- **INFORMATION GIVEN**:
- - - - - - -

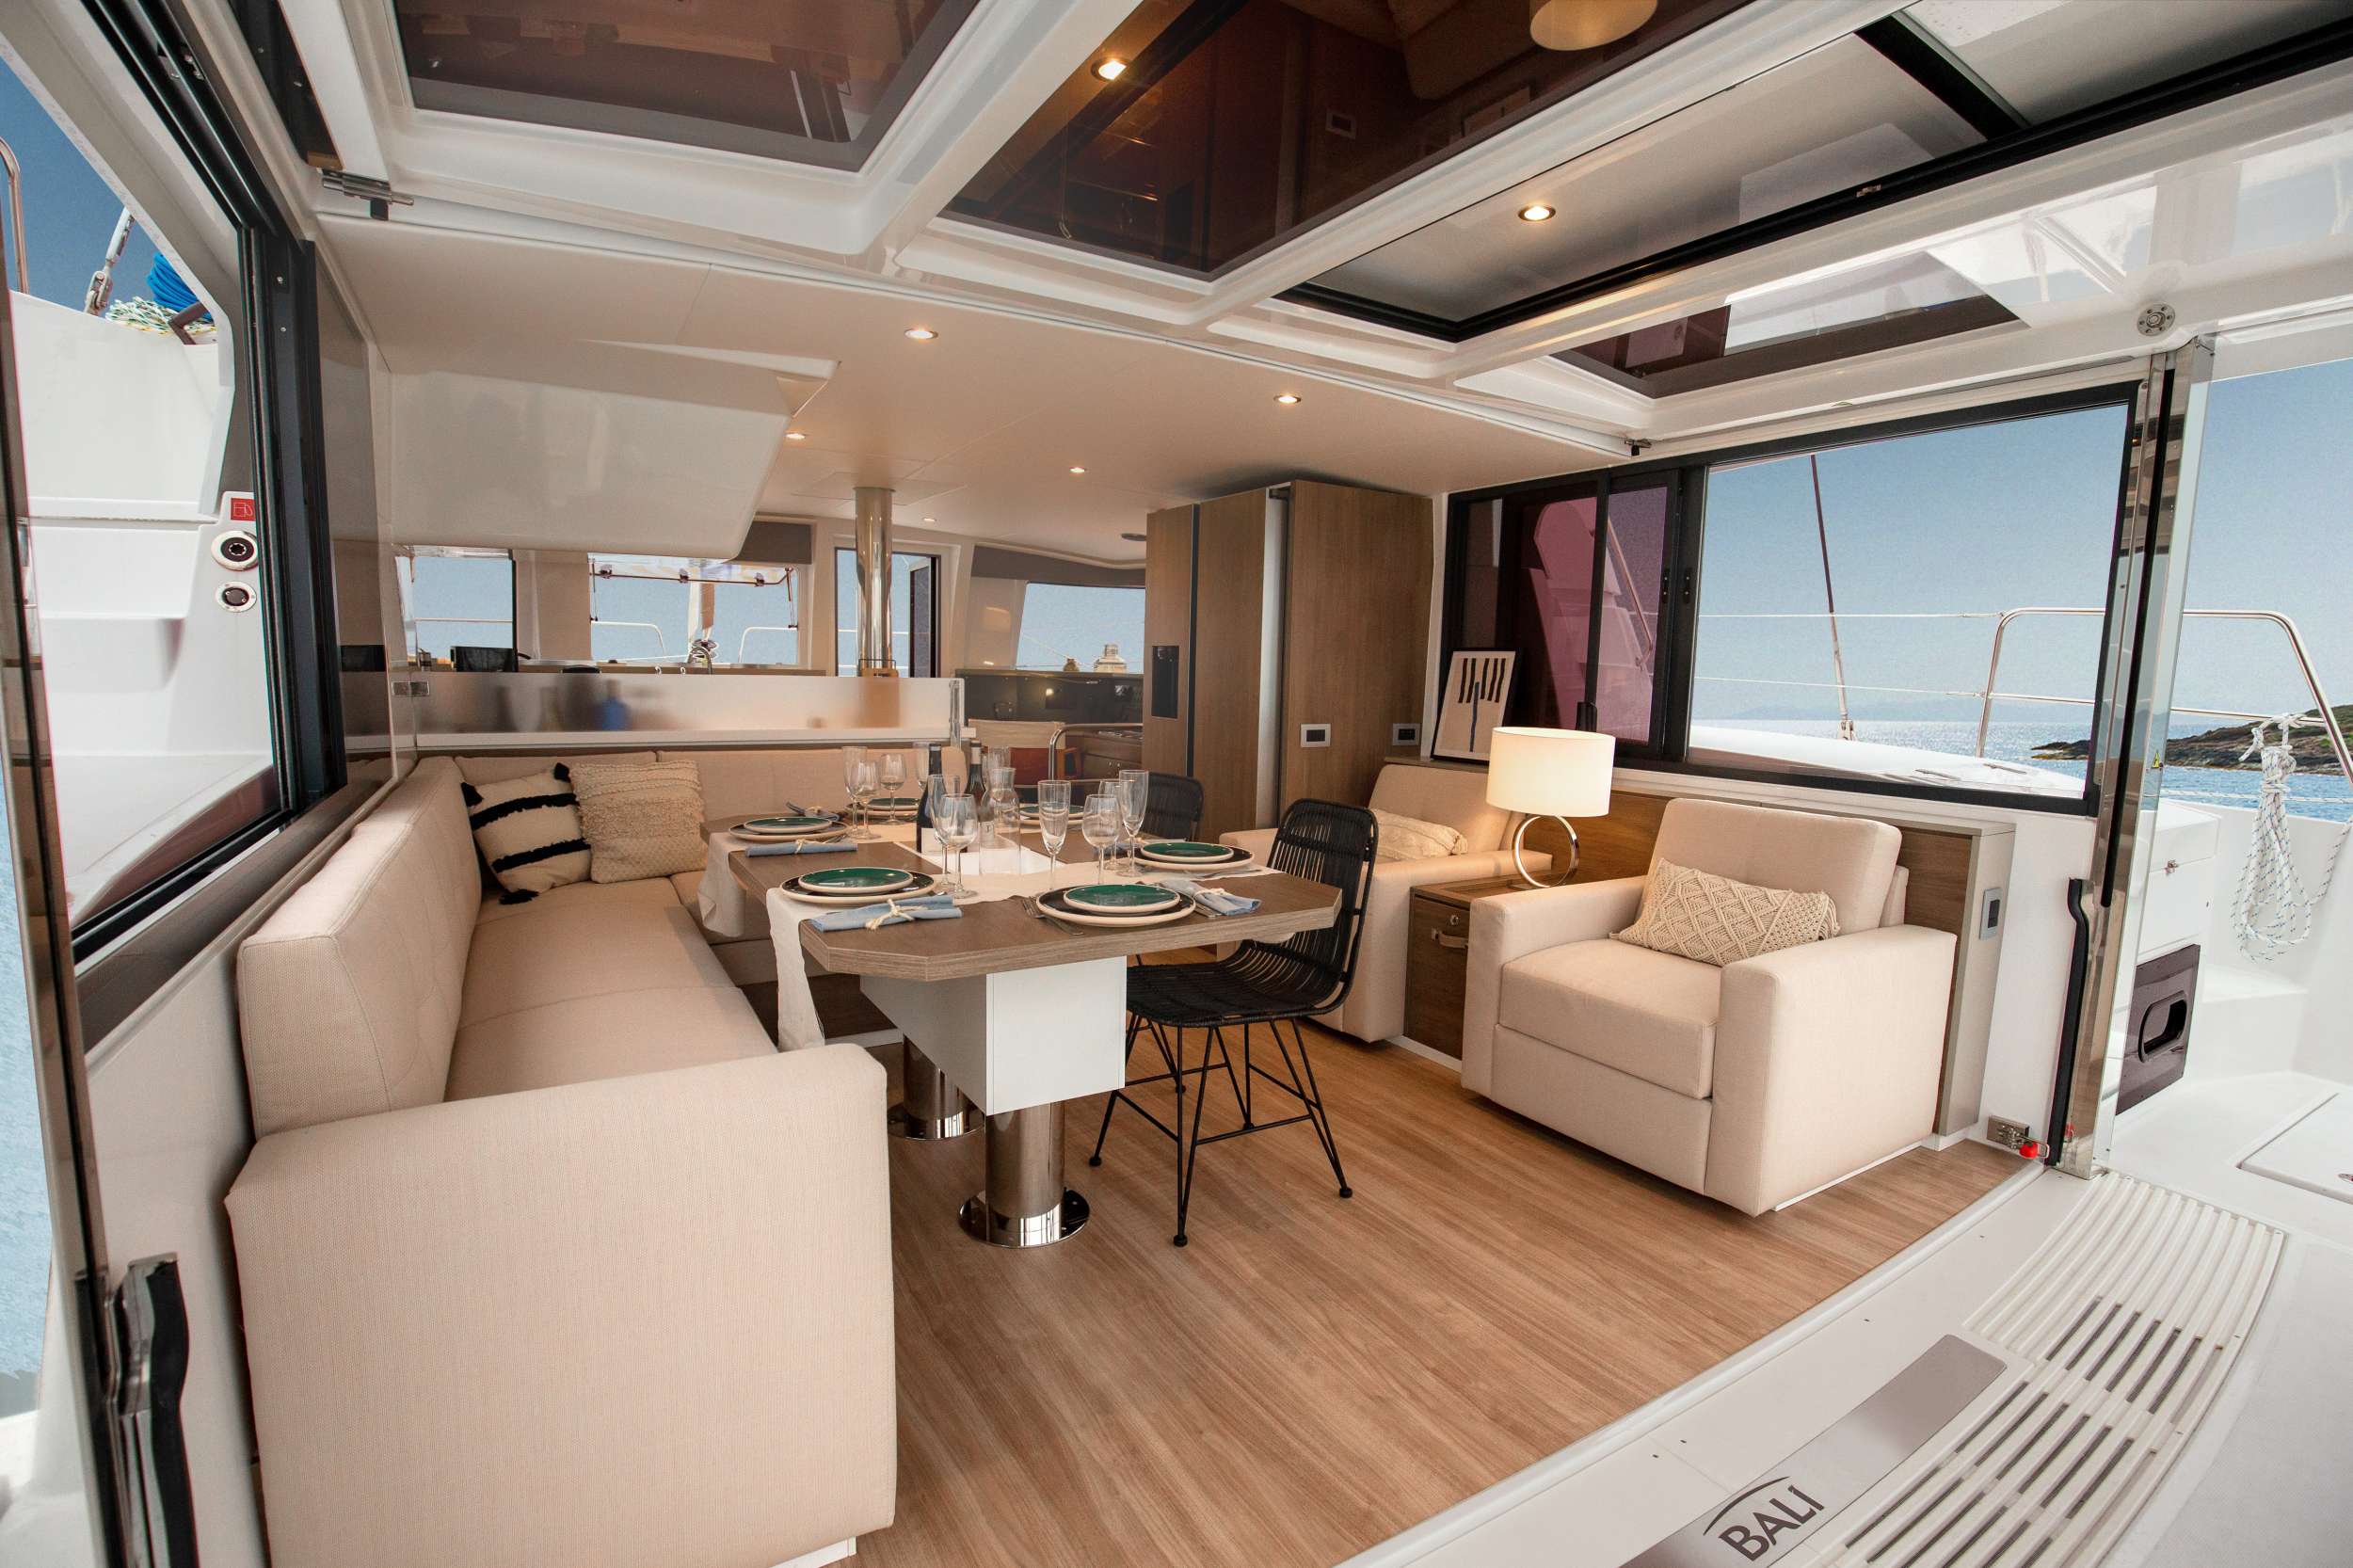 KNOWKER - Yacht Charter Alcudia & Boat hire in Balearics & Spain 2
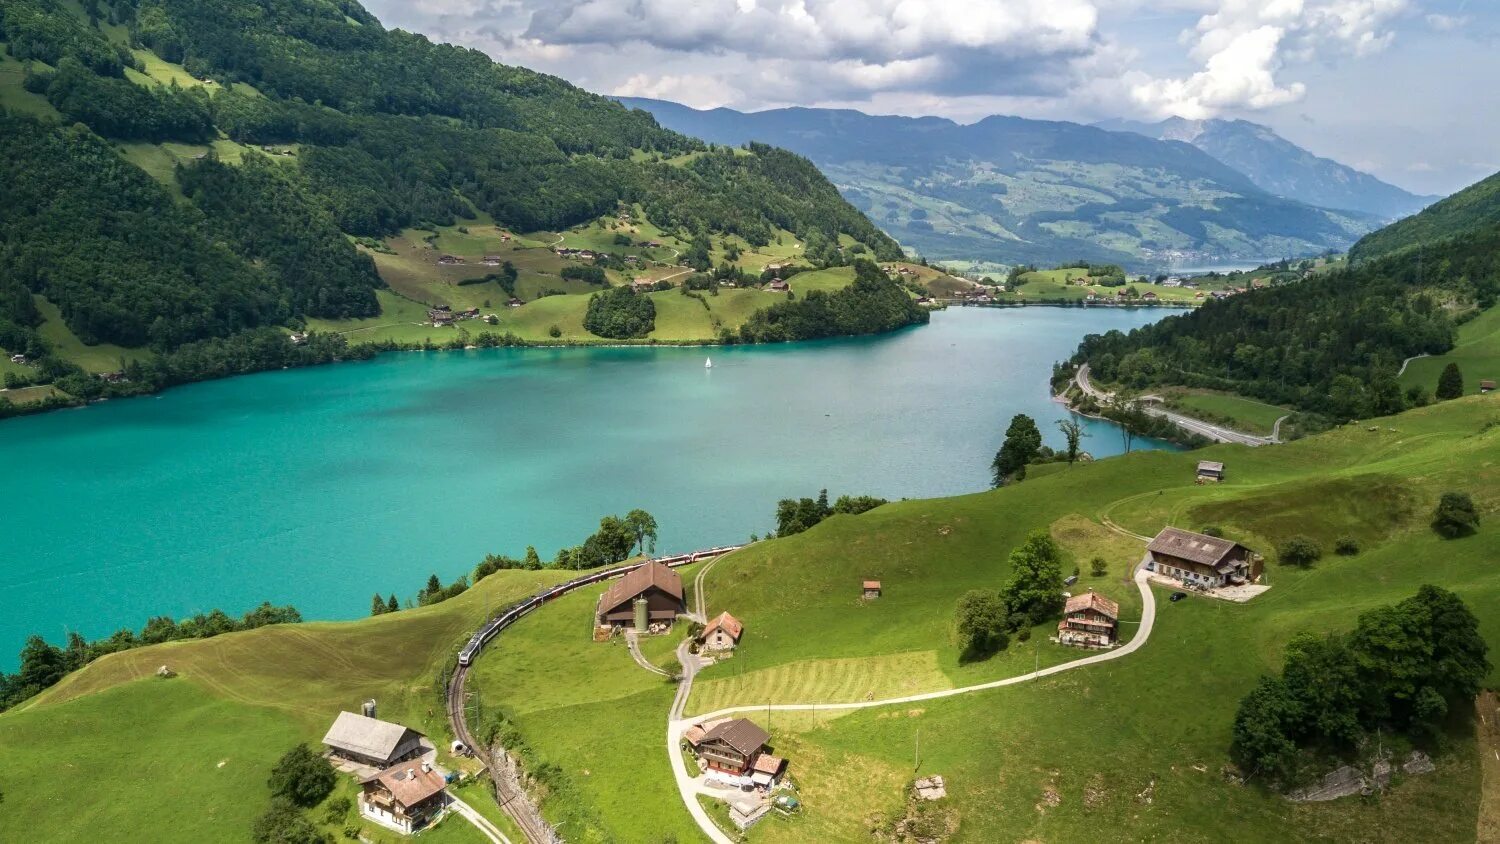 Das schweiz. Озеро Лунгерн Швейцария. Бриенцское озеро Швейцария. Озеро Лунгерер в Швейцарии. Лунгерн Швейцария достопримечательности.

- - - - - - -

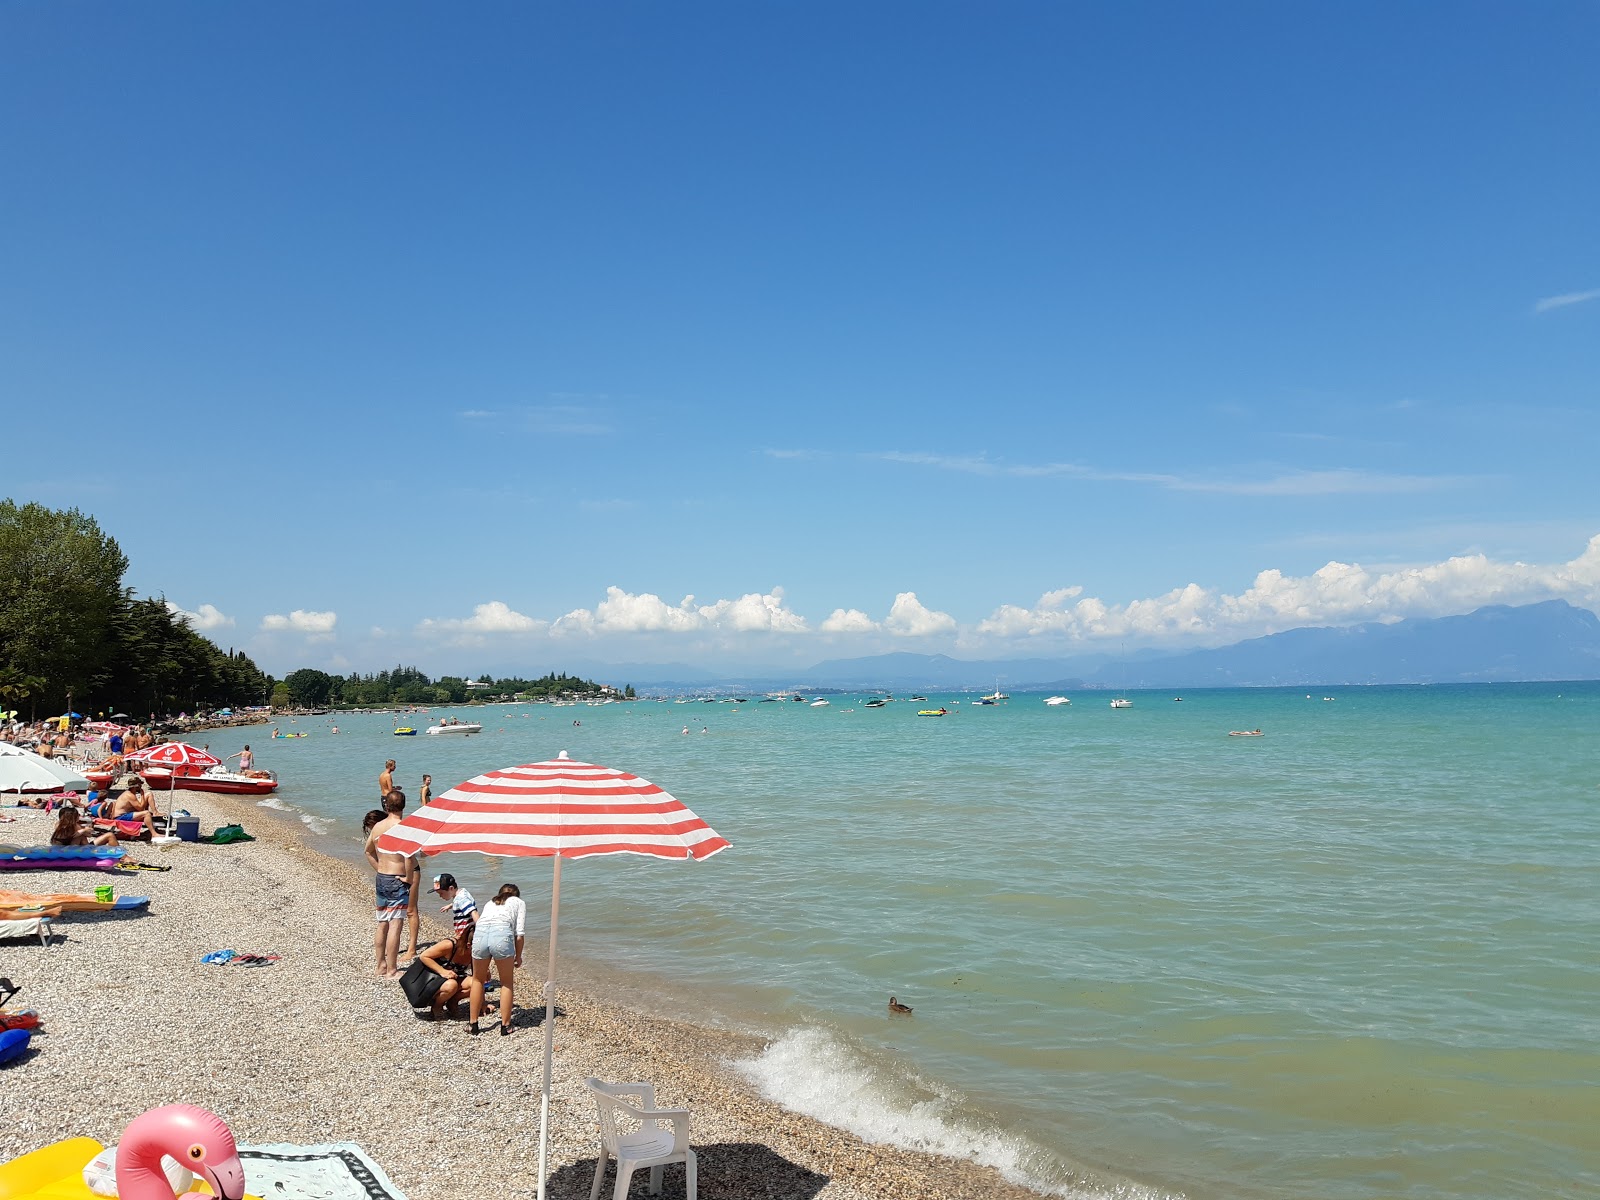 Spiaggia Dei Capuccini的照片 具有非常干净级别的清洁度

- - - - - - -

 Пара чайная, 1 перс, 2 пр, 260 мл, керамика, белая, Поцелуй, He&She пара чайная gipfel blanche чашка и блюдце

- - - - - - -

Having found the line with "KNOWKER - Yacht" and the line with "Das schweiz. Озеро" in the material above, write out exactly those two and every line between, leaving the pictures out.

 KNOWKER - Yacht Charter Alcudia & Boat hire in Balearics & Spain 2
 Das schweiz. Озеро Лунгерн Швейцария. Бриенцское озеро Швейцария. Озеро Лунгерер в Швейцарии. Лунгерн Швейцария достопримечательности.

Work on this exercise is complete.